In the end, we test our game by setting up debug switches and buttons. We assigned switch for all types of display image trigger and let the LED to perform state tracking. By this method, we do not only verify the correctness of the VGA screen result but also the success of running finite state machine. For example, the generation of fruit can be individually tested by different switches (for more details, please see comments of Verilog code) and the sound can be triggered by KEY[1].

Results    top

The result of this lab design is successful that proper sounds and images can be generated according to different users’ actions. The FPGA output desired sound from the AUX port and the VGA display is also satisfactory. A screenshot of game is shown as follow.

Figure 4. Screenshot of Game

From the figure above, we can see that the score board shows how many fruits are cut. The demo video also shows that game will stop when a bomb is hit.
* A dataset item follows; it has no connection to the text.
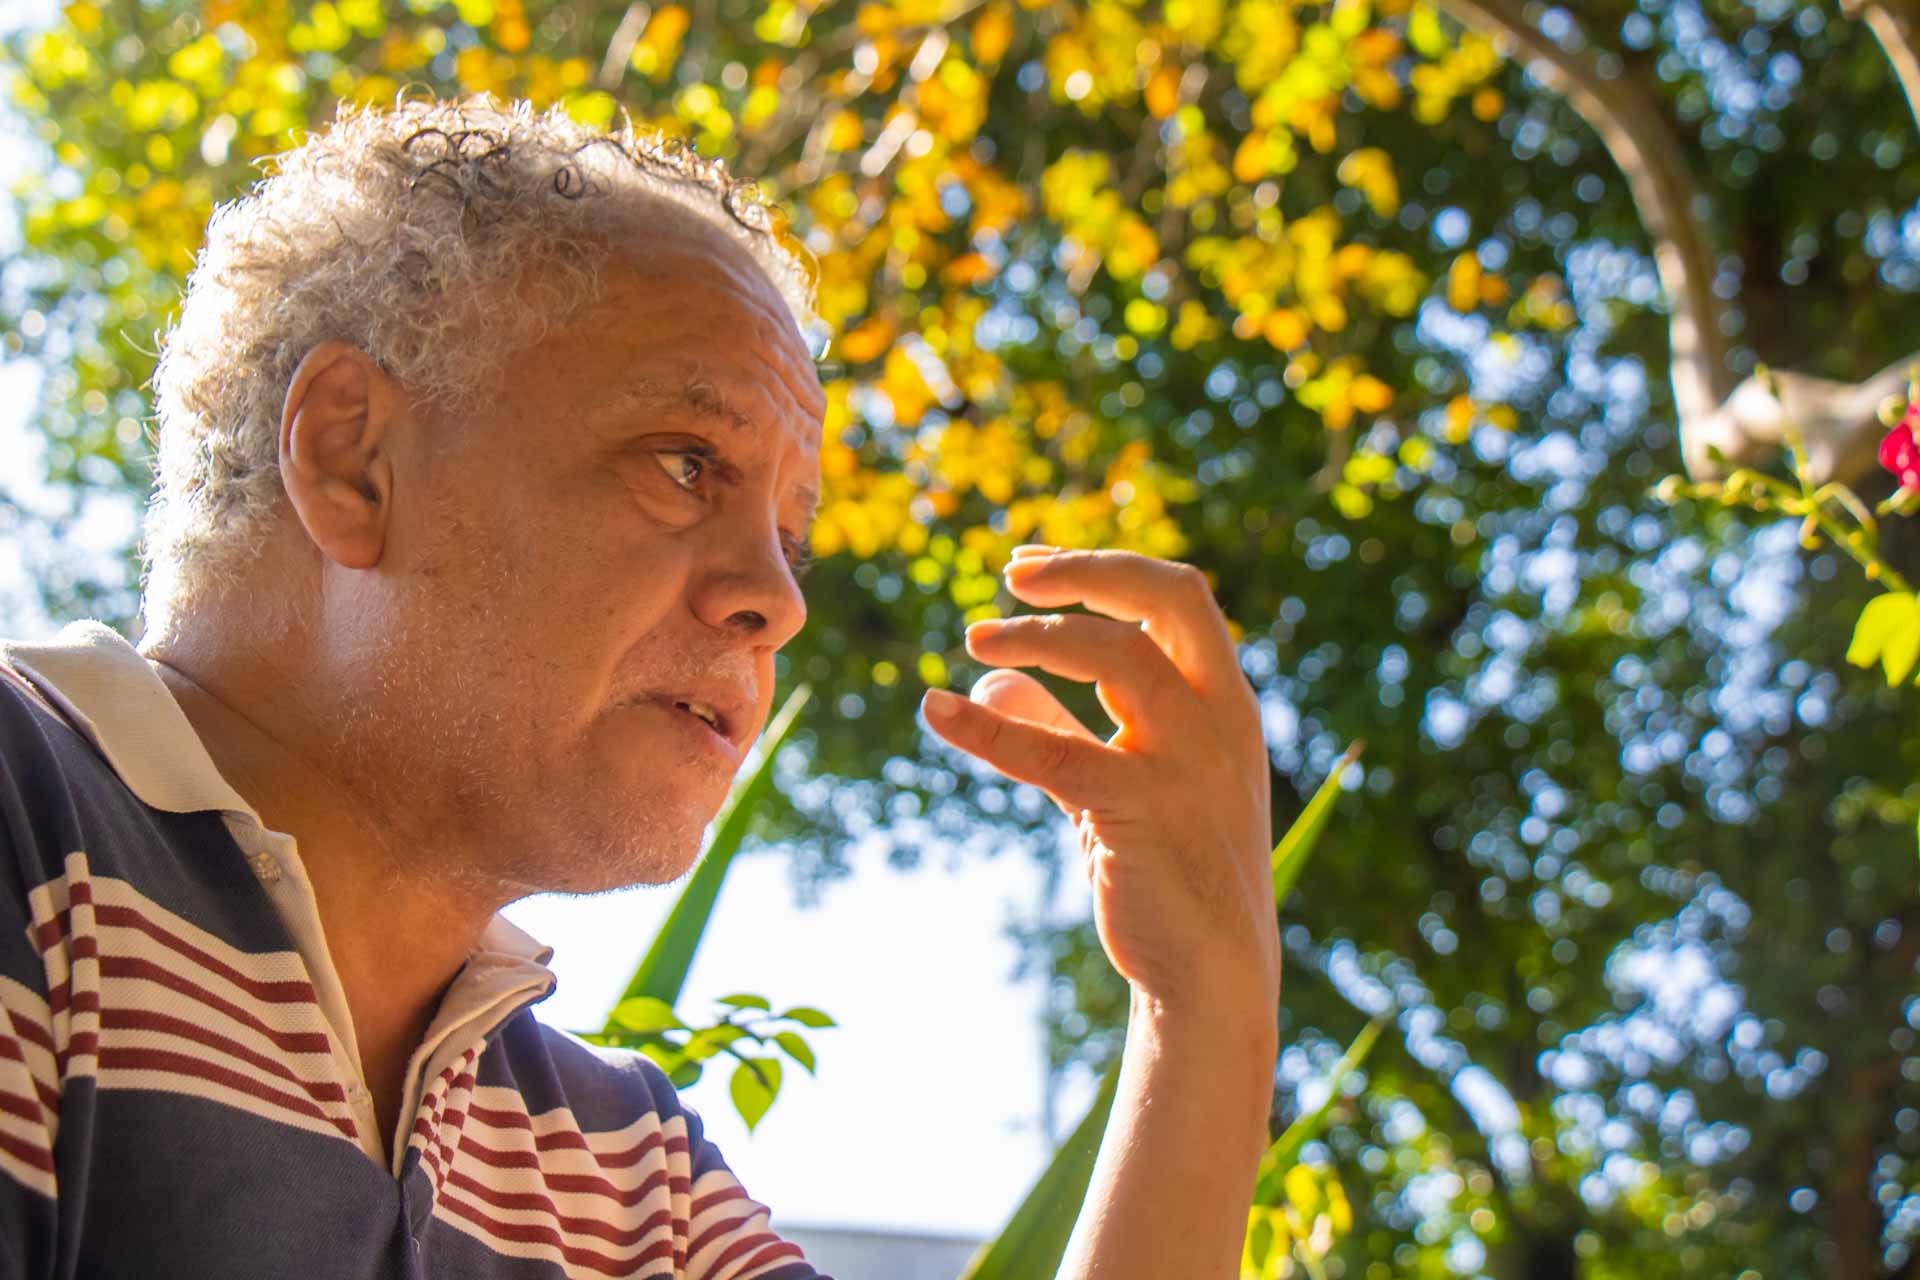 Fotografia de perfil de um senhor negro, de aproximadamente 60 anos. Ao fundo, há árvores com folhas amarelas.

Recorded sound can also prove that the sound module we inserted has been well integrated to this overall design project.

For detailed results, as mentioned in test section, we have also shown that the hand tracking performs well and the debugging switches and LEDs will be useful tools to verify individual functionalities or modules involved in this project design. In addition, the success of display has also proved our knowledge and understanding toward RGB and YCbCr colour schemes as we display our customized designed image with correct colour and can display spontaneously with the hand cursor.

Another interesting result about hand tracking is cursor continuity. To make the game more playable increase the continuity behaviour of the hand tracking, we design the cursor to be able to drop-off and pick-up. If the hand’s motion is too rapid, it may cause errors in detecting the center location of hand. Other than making errors, we prefer remain the current position of cursor and the cursor state machine goes back to idle mode. If the skin colour appears again at the cursor’s location, we can pick-up the cursor and begin cutting fruit again. On the other hand, we have also added a cursor initialization switch to enforce the cursor to restart from the center of VGA screen for user’s convenience.

Conclusions    top

Our demo completely matches the initial goal of this final project design. The VGA screen display matches with our expectation that hand is correctly tracked, fruit is properly thrown to the air and scoreboard will keep track of how man fruits are cut. We have also successfully integrated previous lab work into this final project design that the audio module can produce desired sound effects. From this project design, the project group has enhanced understanding about FPGA hardware design using various types of memory blocks and get familiar to camera embedded FPGA design. We improved our skills and knowledge on image processing through the hand tracking design and debugging experience. On the other hand, we have also gained practical experience taking the advantage of parallel computation nature of FPGA. In addition, the complex finite state machine we build is another precious experience.

Appendices    top

Previous design projects that used as reference:

Other Online Resources:


Acknowledgements    top

We would like to sincerely thank professor Bruce Land for his continued help and insightful advices throughout projects. His detailed lectures and practical lab sections offer us strong foundation to tackle our project. We also would like to thank the TAs that are in the lab in the extended lab periods that provide us with lab access to refine our work.